Have child, will travel. “I remember the first meeting I took my son to. It was a Gordon conference, and normally when you go to these things everybody sits together for meals. Angus, aged 5, and our au pair and I were at one of those round tables in the dining room—and we were completely on our own. Nobody wanted to come near us. On our way back to the room Angus met a young Russian boy who was at the conference. And the au pair ended up playing netball with the graduate students. By the next night, we were all having a great time—and sitting at separate tables.”
Like attracts like? “Angus’s tolerance of my science friends is really low. He’s referred to me as a nerd magnet, which is actually a pretty good summary of the situation.”
On the nightstand. “I like to read books by women who are universally reviled. I’ve just read Sarah Palin’s autobiography. It was hard going, but I get a lot of pleasure telling male colleagues I’ve read it. Americans will say, ‘That woman is dreadful and the book is full of lies.’ I say, ‘But have you read it?’ The answer is always, ‘No.’ I also read Monica Lewinsky’s autobiography. I just think if you’re going to revile somebody or detest their stance on something, you should take the time to find out what they’ve actually said or done.”
Diving. “I took up scuba diving a few years ago. It’s heaven for me. I do it maybe once a year, but it takes me back to my childhood passion for looking at things in the sea.”
• Determined that adhesion regulates differentiation and tissue assembly in mammalian epidermis and catalogued the key pathways that govern the effect.
• Identified molecules that regulate exit from the stem cell compartment in epidermis.
• Showed that integrins on the cell surface of skin epithelia can be active or inactive, and demonstrated that antibodies against integrins could be used to obtain samples enriched in stem cells. “I fought and lost a battle to patent the method because at the time people didn’t think it was important,” says Watt. “Now if you look at the panels of antibodies that are used to enrich for stem cells, integrins are usually included.”
• Discovered that nondividing, differentiated cells can contribute to the formation of benign tumors in skin.

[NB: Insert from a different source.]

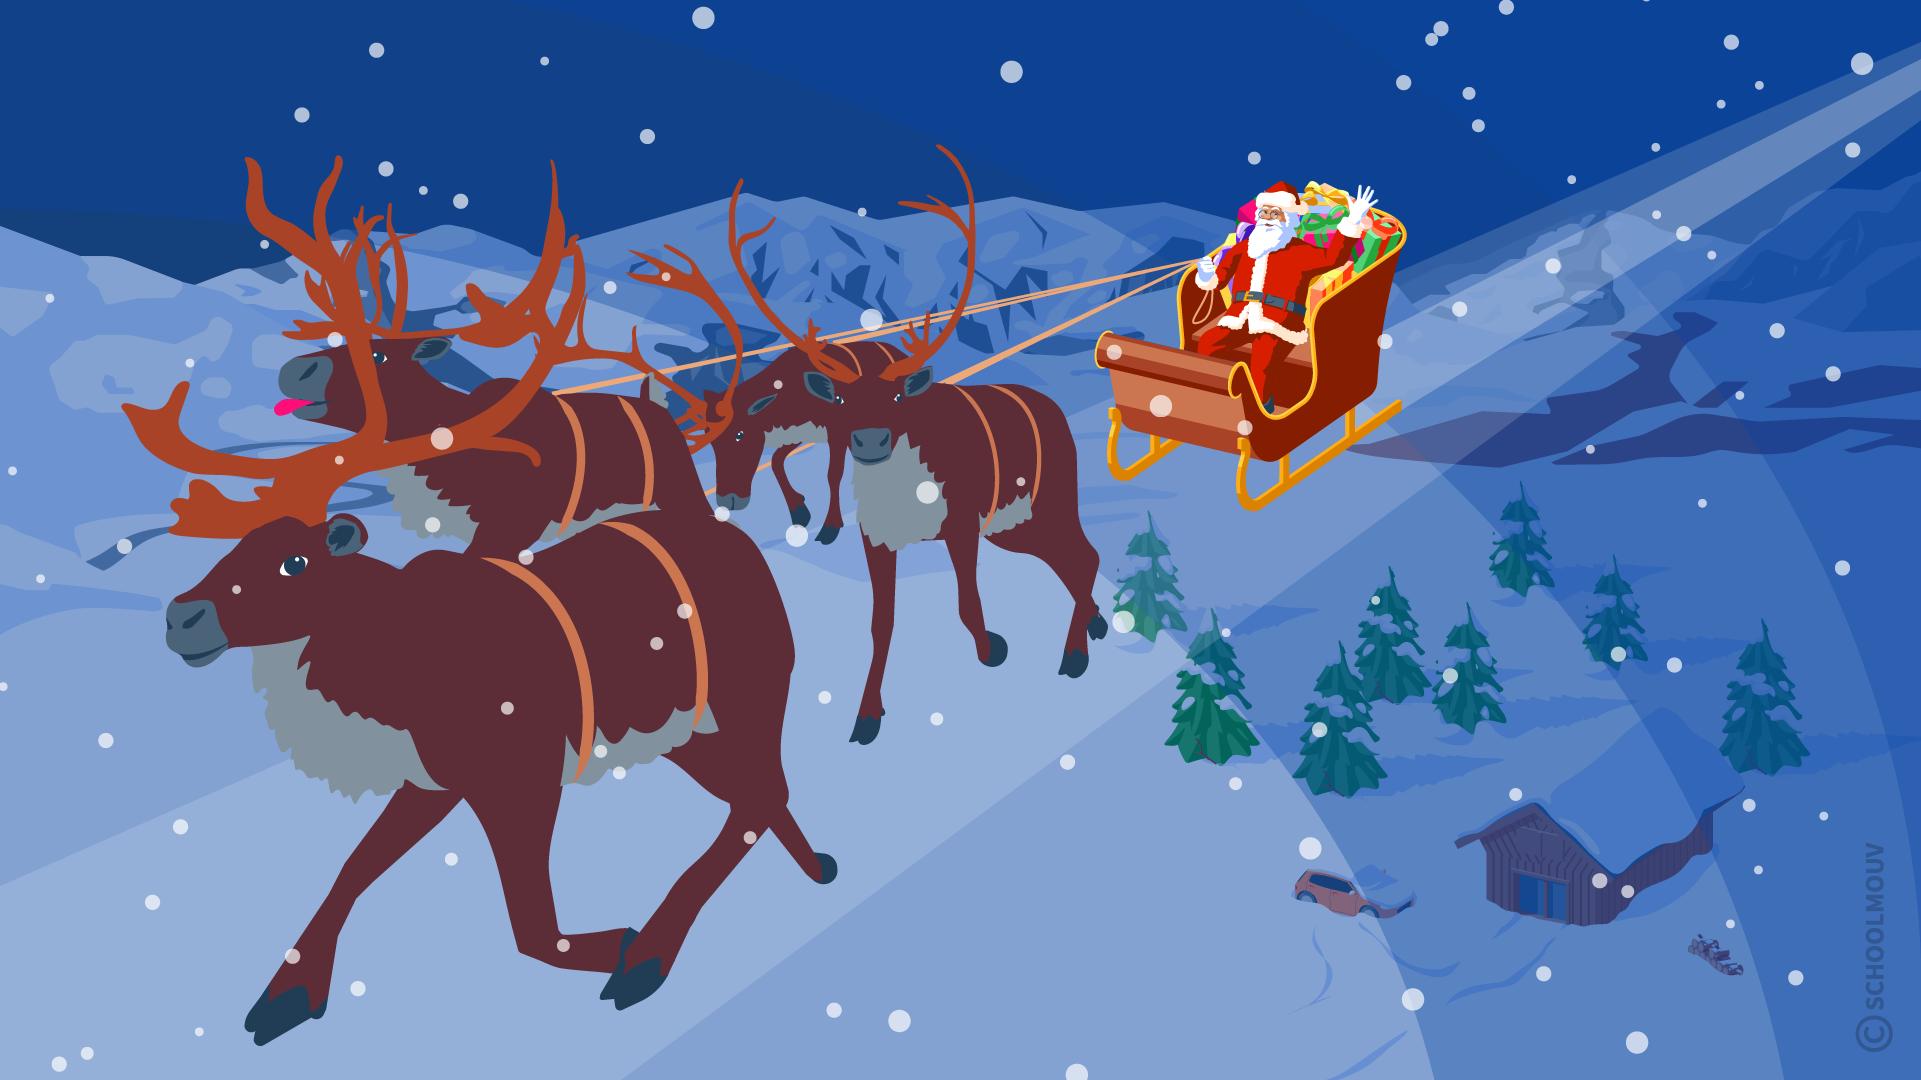 joyeux Noël merry Christmas traineau renne anglais

• Produced chemically patterned surfaces that provide “islands” on which single stem cells can live in order to identify the environmental factors that regulate their behavior.

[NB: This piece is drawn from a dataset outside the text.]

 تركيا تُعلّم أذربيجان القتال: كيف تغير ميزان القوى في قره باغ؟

• As editor of the Journal of Cell Science, Watt initiated a series of interviews aimed at recording the experiences of women in science. “I wanted to make sure their stories were not lost,” she says. “In the end, the exercise left me sad—sad that most women had probably had a tougher time in science simply because they are women. I hope that the same will not be true for the young women currently in my lab. I’d like to think that by sheer force of numbers they’ll elbow their way through the system and gender will cease to be an issue.”